■ **EXERCISE**
Go to the line holding "台面、右上角和右上角夹板上有修复痕迹" in the data below and repeat it exactly, then each line after it up to and including the one holding "palace-on-wheels-train". Omit pictures.

■ **SUPPLIED MATERIAL**
━━━━

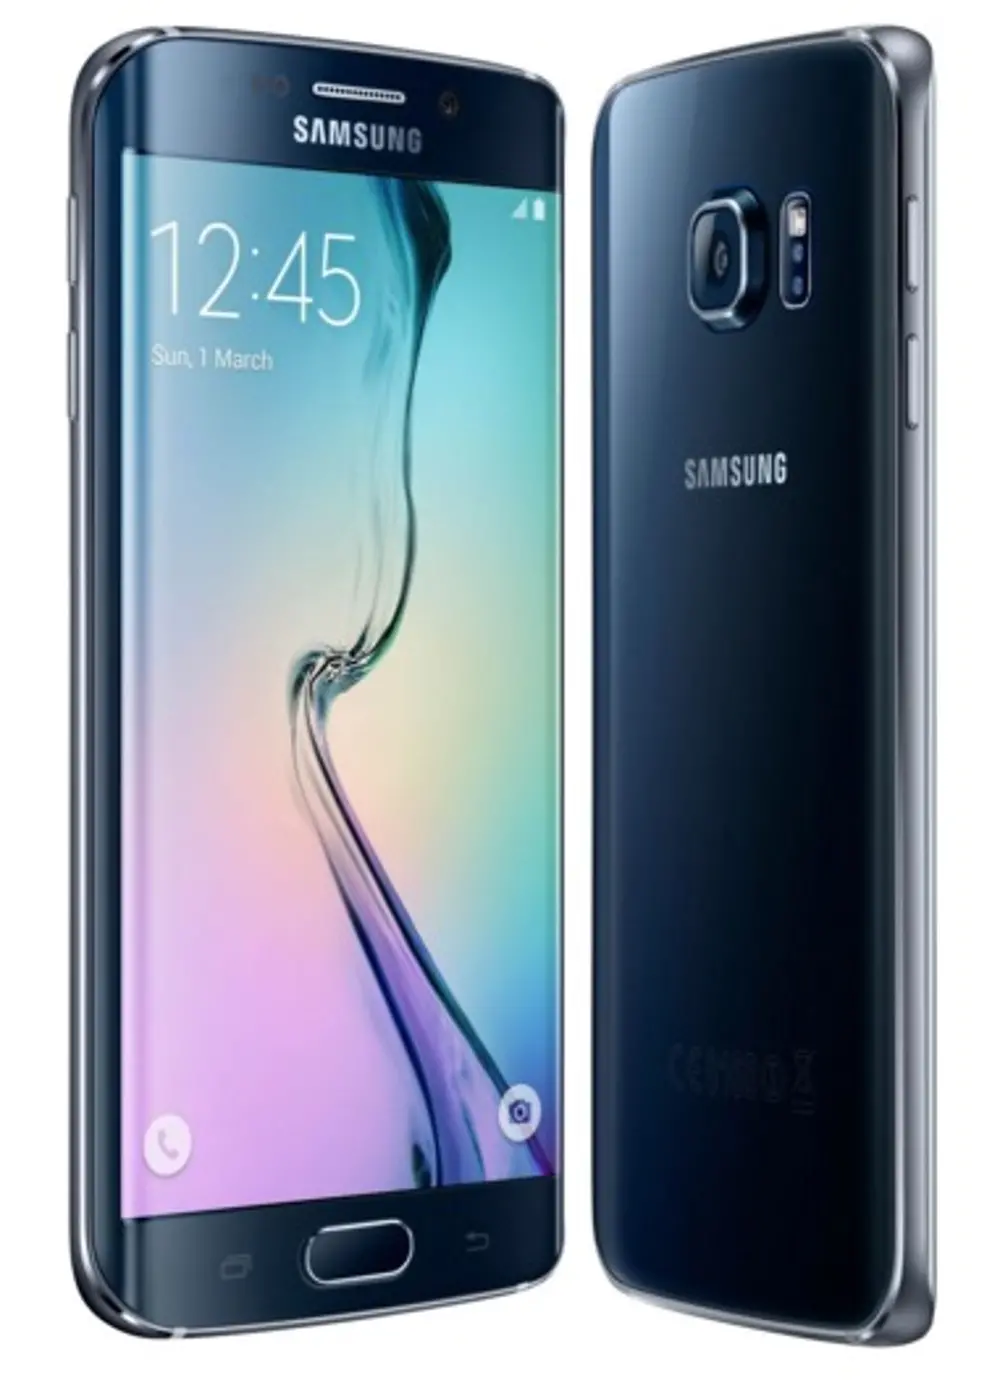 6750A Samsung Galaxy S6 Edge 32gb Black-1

━━━━

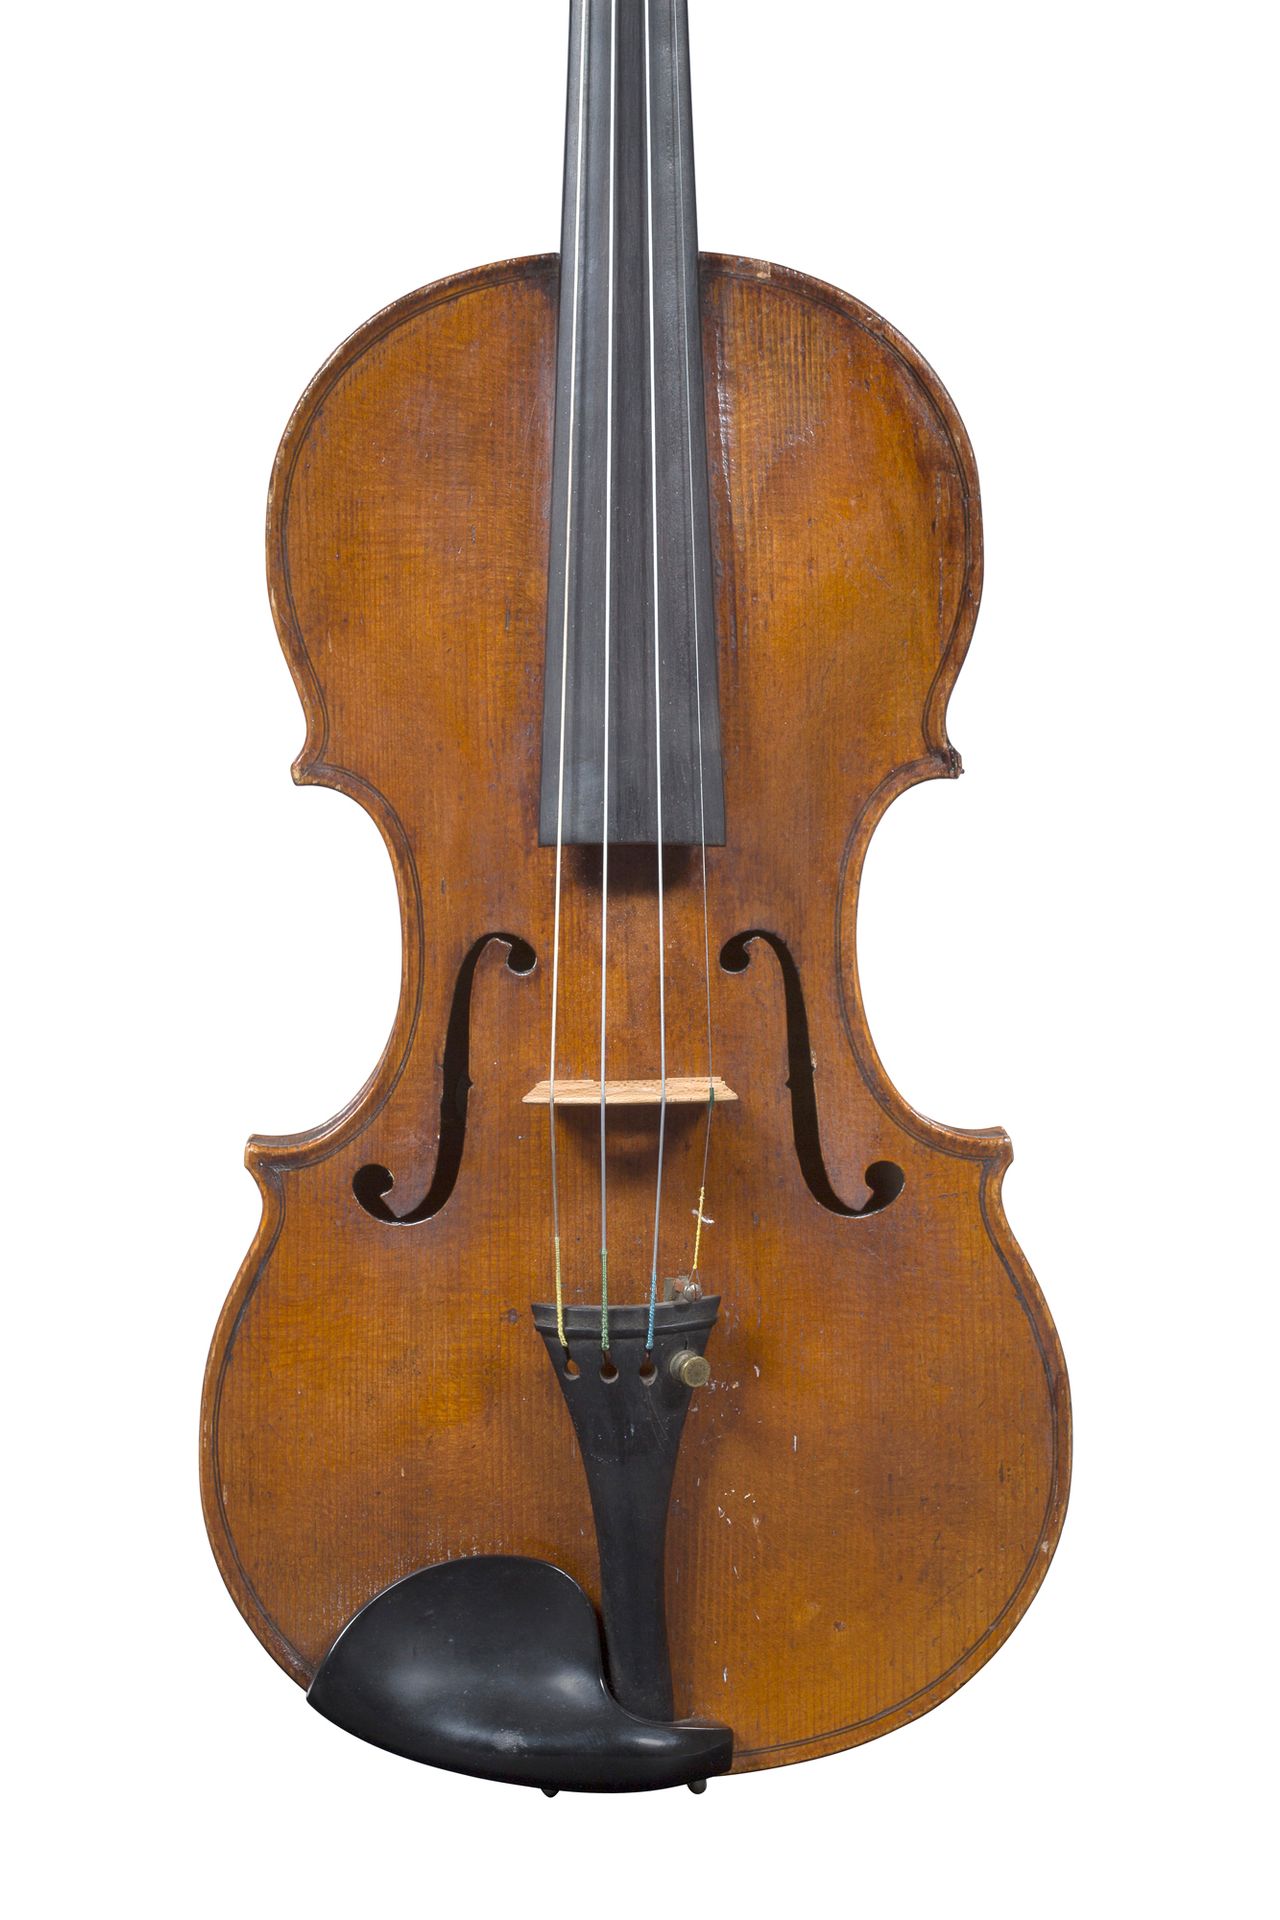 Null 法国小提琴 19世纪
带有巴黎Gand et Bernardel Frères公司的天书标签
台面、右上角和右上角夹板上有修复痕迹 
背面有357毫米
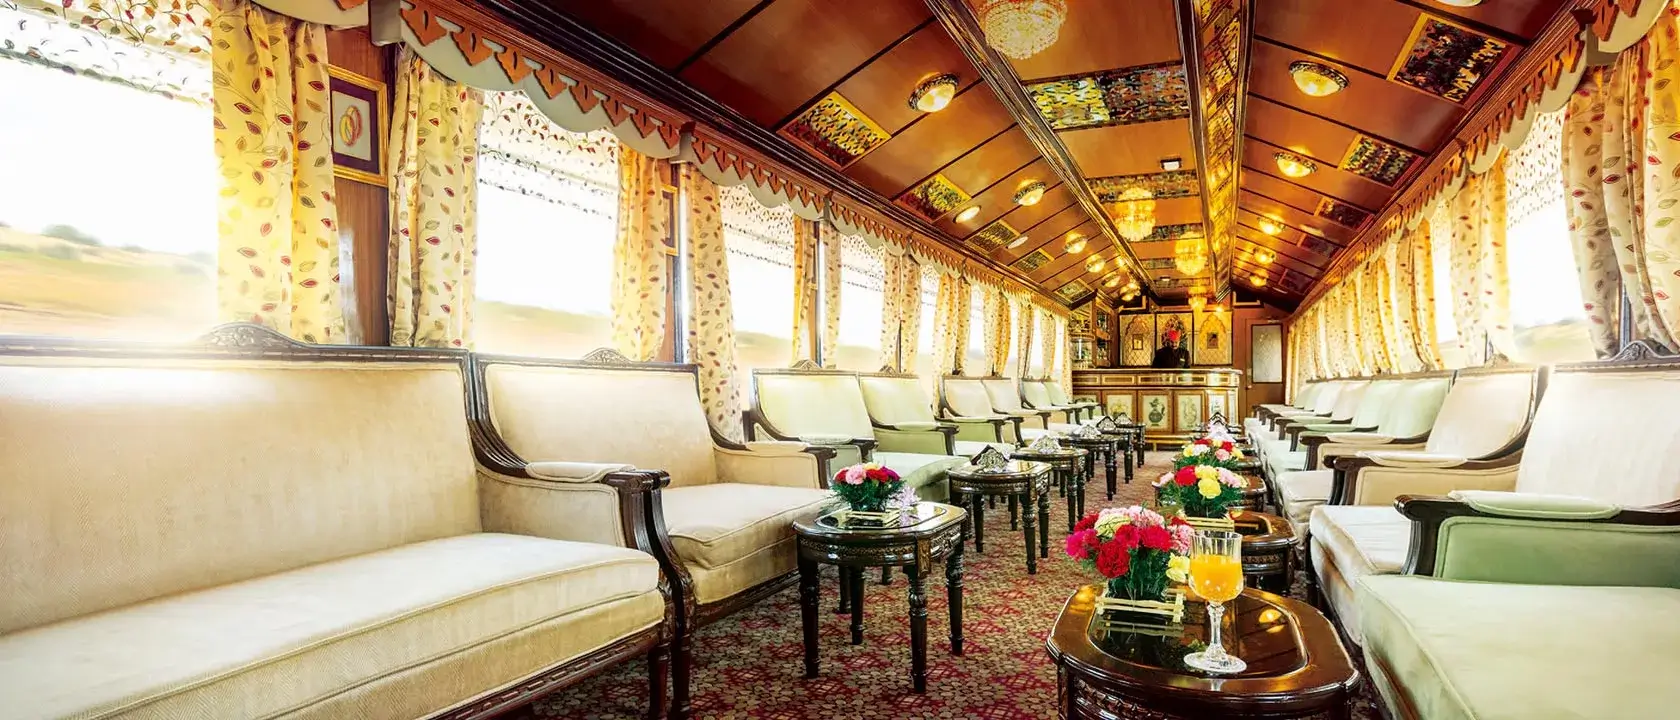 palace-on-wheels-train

━━━━

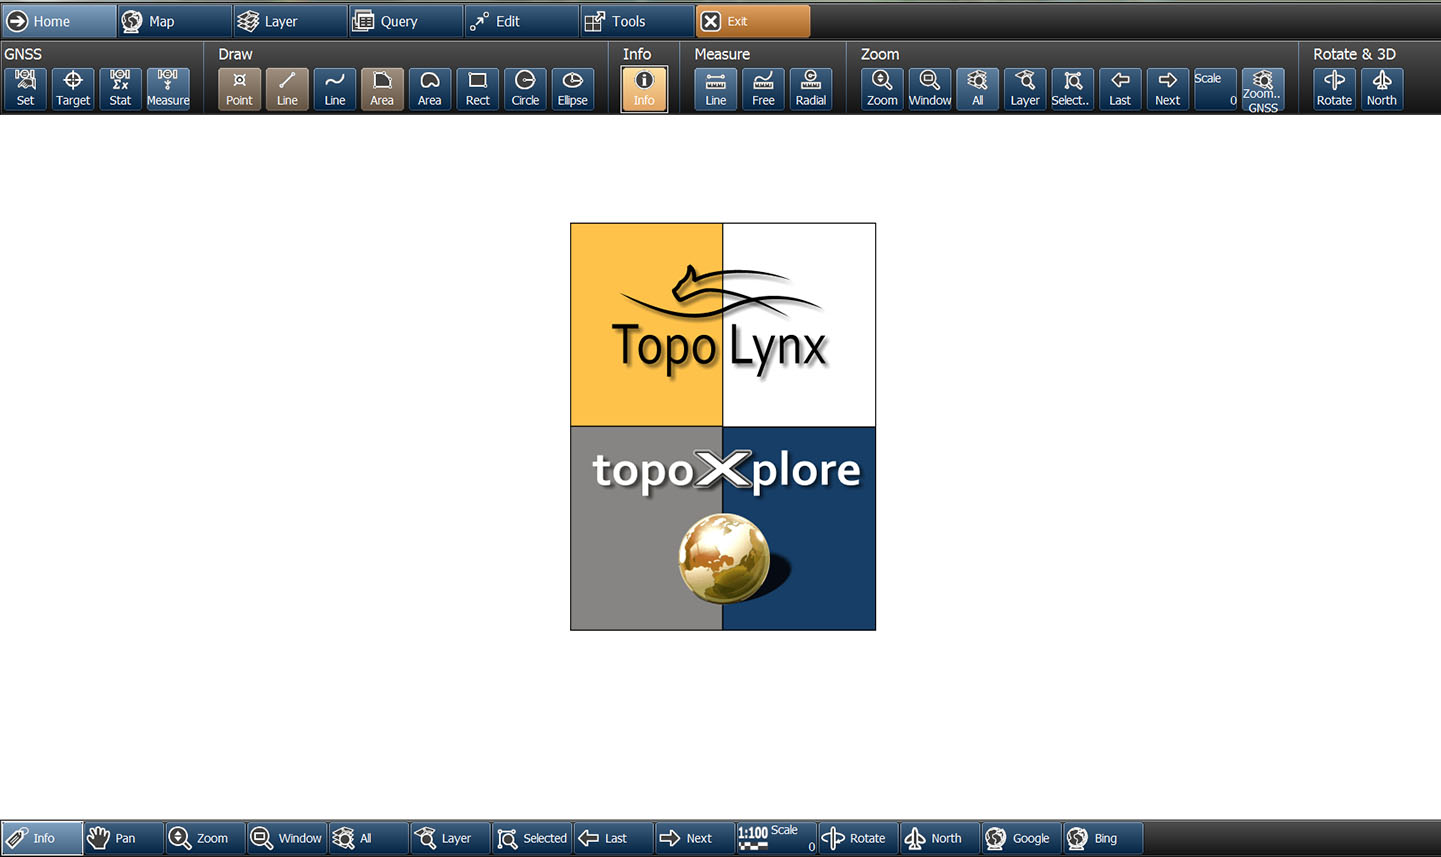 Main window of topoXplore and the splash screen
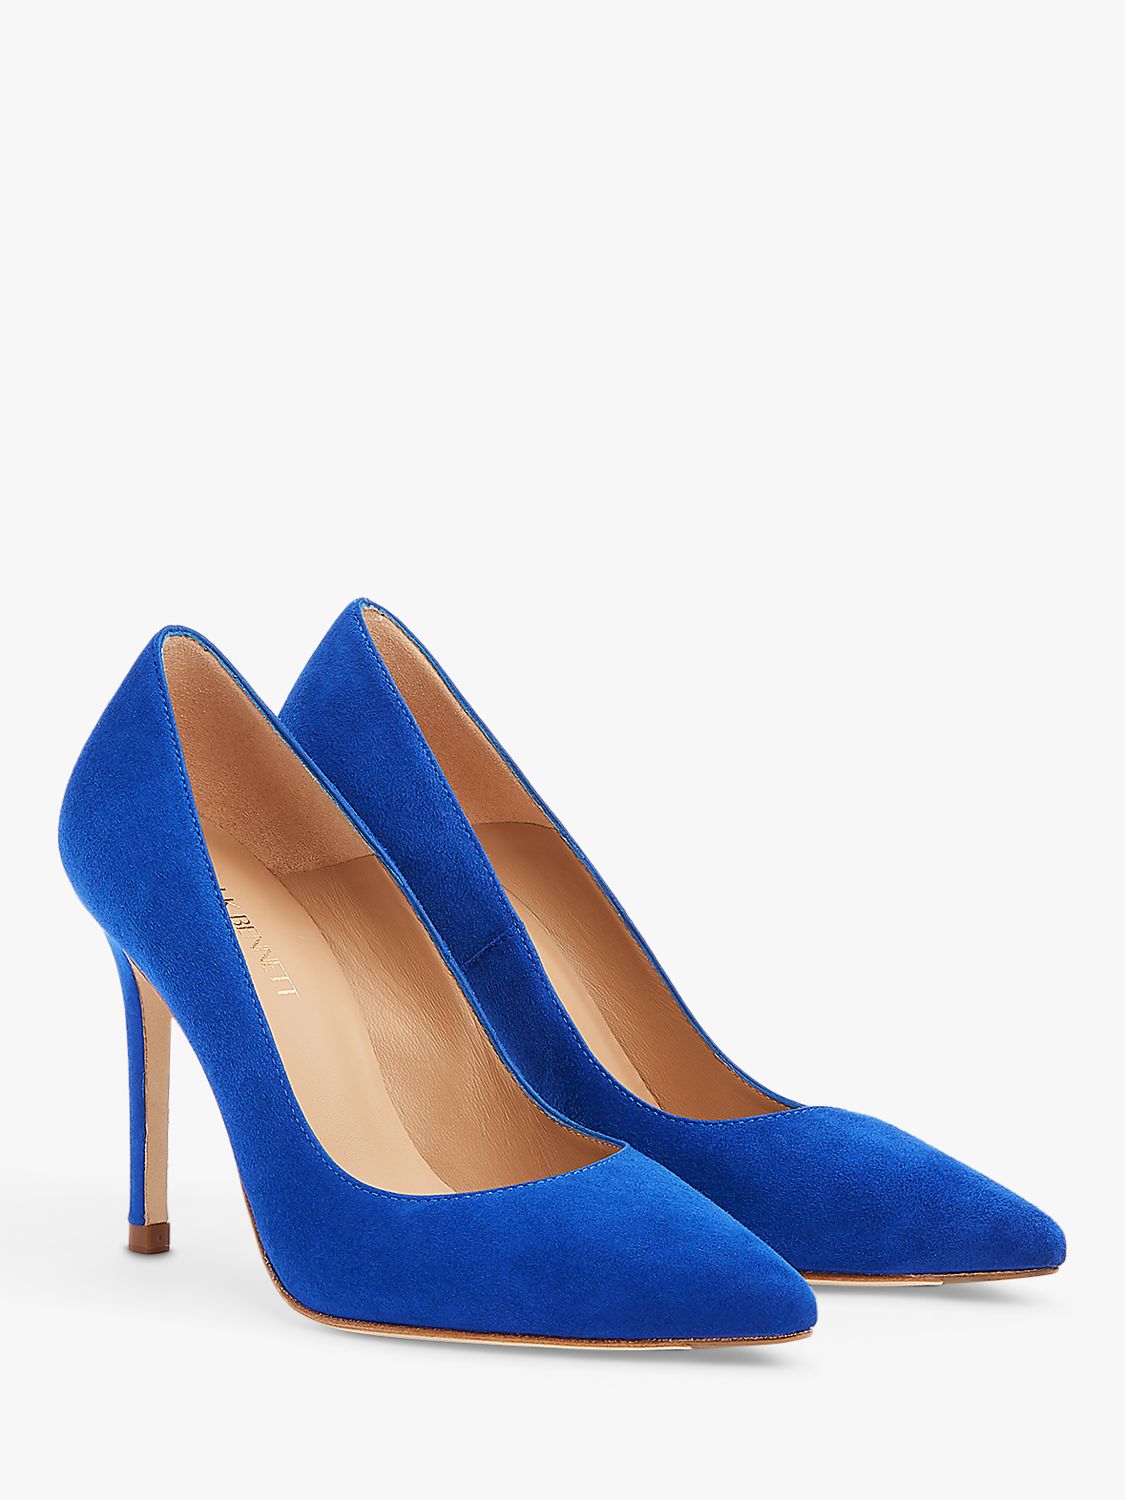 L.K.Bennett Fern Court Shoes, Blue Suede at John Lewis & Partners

━━━━

■ **EXERCISE RESULT**
台面、右上角和右上角夹板上有修复痕迹 
背面有357毫米
 palace-on-wheels-train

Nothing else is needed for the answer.